E.g. given the cut ACR < 5, I want indices of all the elements of ACR which have value less than 5. Or a masking array (array of true/false) might also work.

Did you try to search the forum? Search results for 'array filtering rdataframe' - ROOT Forum
And if you don’t find something relevant, I guess @eguiraud can give you some hints

Hi,

that would be a Define("mask", "ACR < 5"), see also this section of the docs.

Cheers,
Enrico

1 Like

I did search forum. But maybe with wrong phrases. So couldn’t find
relevant results. sorry.

What will be type of “mask” in above example.
I want to apply some functions on indices returned in mask for each entry.
So I will be using RDataFrame.ForEach(), with ForEach calling a function
only on the elements where mask is true. So, the ‘F’ object of ForEach
has to be passed data type of mask. I tried this thing on ROOT terminal
and got the following result, which is surprising. I expected type to be
RVec<Bool_t>.

root [0] auto rdf = ROOT::RDataFrame("EventParameters","/home/chinmay/DataComparison2022/09Nov2022/Z05_35_G21k_2.6_6.75_8.0/P014_Z05_35_G21k_2p6_6p75_8p0.root")
(ROOT::RDataFrame &) A data frame built on top of the EventParameters dataset.
root [1] auto filterCol = rdf.Define("filterCol","HillasParsHighGain.NumSaturatedCells < 3")
(ROOT::RDF::RInterface<ROOT::Detail::RDF::RLoopManager, void> &) @0x7f28522270d0
root [2] filterCol.GetColumnType("filterCol")
(std::string) "bool"
root [3] 

HillasParsHighGain.NumSaturatedCells is a C-array of integers with variable length in above case.
(It is a member of a class, dictionary for which is generated using rootcling)

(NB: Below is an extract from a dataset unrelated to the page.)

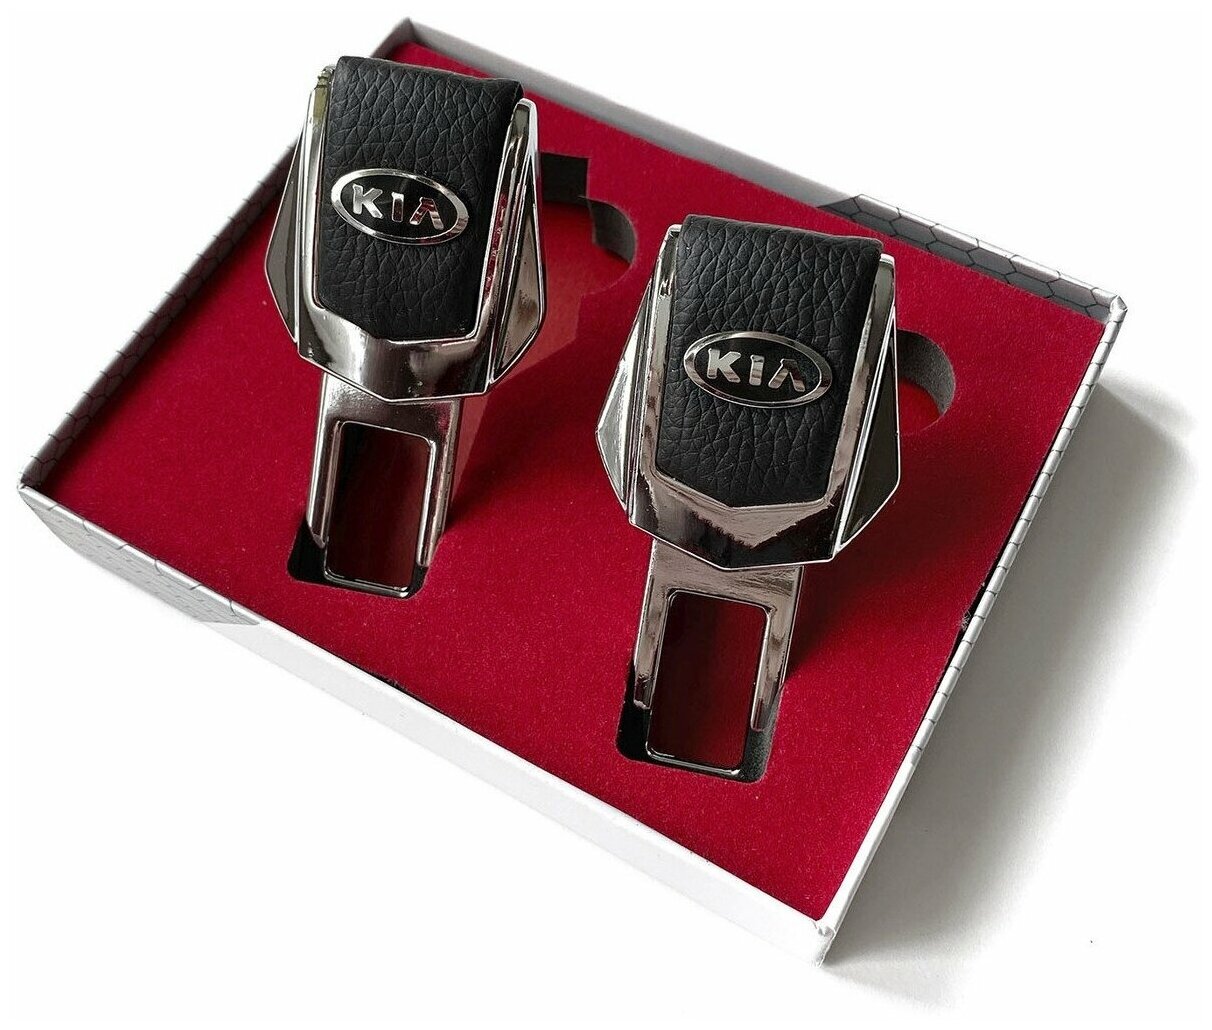 Заглушки ремней безопасности для "Kia" (Киа). Натуральная кожа и хромированный металл. В подарочной упаковке комплект из 2 штук.

For technical reasons it’s going to be an RVec<int> rather than an RVec<bool>, but it will have the contents you expect (0 for filtered out elements, 1 for accepted elements) and you can use the mask to copy the selected elements out of RVecs with the same size as the mask, e.g. ACR[ACR < 5] returns a new RVec with just the elements of ACR that are smaller than 5.

Indeed that’s surprising. The expected behavior is something like this:

root [0] ROOT::RDataFrame(10)\
  .Define("vec", "ROOT::RVecD{1,2,3}")\
  .Define("mask", "vec > 2")\
  .GetColumnType("mask")
(std::string) "ROOT::VecOps::RVec<int>"

What does GetColumnType("HillasParsHighGain.NumSaturatedCells") return?

Cheers,
Enrico

Okay. So surprisingly GetColumnType("HillasParsHighGain.NumSaturatedCells") returns (std::string) "UInt_t". However the definition of the class is as follows

class HillasParameters : public TObject
{
	public:
		/* ====================  LIFECYCLE     ======================================= */
		HillasParameters () ;                              /* constructor */

		void Init(Int_t pixels) ;

		virtual ~HillasParameters () ;

		void Reset() ; 

		HillasParameters& operator = (const HillasParameters& hpars) ;

		/* ====================  ACCESSORS     ======================================= */

		/* ====================  MUTATORS      ======================================= */
		Bool_t finite ;                          ///< If parameter values are finite 
		Int_t pixels ;                          ///< Number of pixels 
//		Int_t profiles ;                        ///< Number of profiles 
	    Int_t N_Pix ;                           ///< Number of pixels in image 
		Int_t Hit_Pix ;                         ///< Number of pixels in image 
		Float_t Size ;                          ///< size of the event 
		Float_t MeanX ;                         ///< <x> 
		Float_t MeanY ;                         ///< <y> 
		Float_t MeanXY ;                        ///< <xy>  
		Float_t MeanX2 ;                        ///< <xsquare> 
		Float_t MeanY2 ;                        ///< <ysquare> 
		Float_t Dist ;                          ///< distance of the centroid of the image from center 
		Float_t Frac2 ;                         ///< distance of the centroid of the image from center 
		Float_t Length ;                        ///< Length of the image 
		Float_t Width ;                         ///< Width of the image 
		Float_t Azwidth ;                       ///< Width of the image 
		Float_t Asym ;                          ///< Asymmetry of the image 
		Float_t Miss ;                          ///< Miss of the image 
		Float_t Slope ;                         ///< Slope of the image axis 
		Float_t Angle_Xaxis ;                   ///< Angle of image axis w.r.t. camera X-axis
		Float_t Alpha ;                         ///< Alpha of the image 
		Float_t Leakage1 ;                      ///< leakage1 : Fraction of size in outermost ring of camera 
		Float_t Leakage2 ;                      ///< leakage2 : Fraction of size in outermost 2 rings of camera 

		///< array of contents in each pixel in cleaned image
		Float_t *Cleaned_Image ;            //[pixels]
		UInt_t *NumSaturatedCells ;        //[pixels]
		Bool_t *HitPattern ;                 //[pixels]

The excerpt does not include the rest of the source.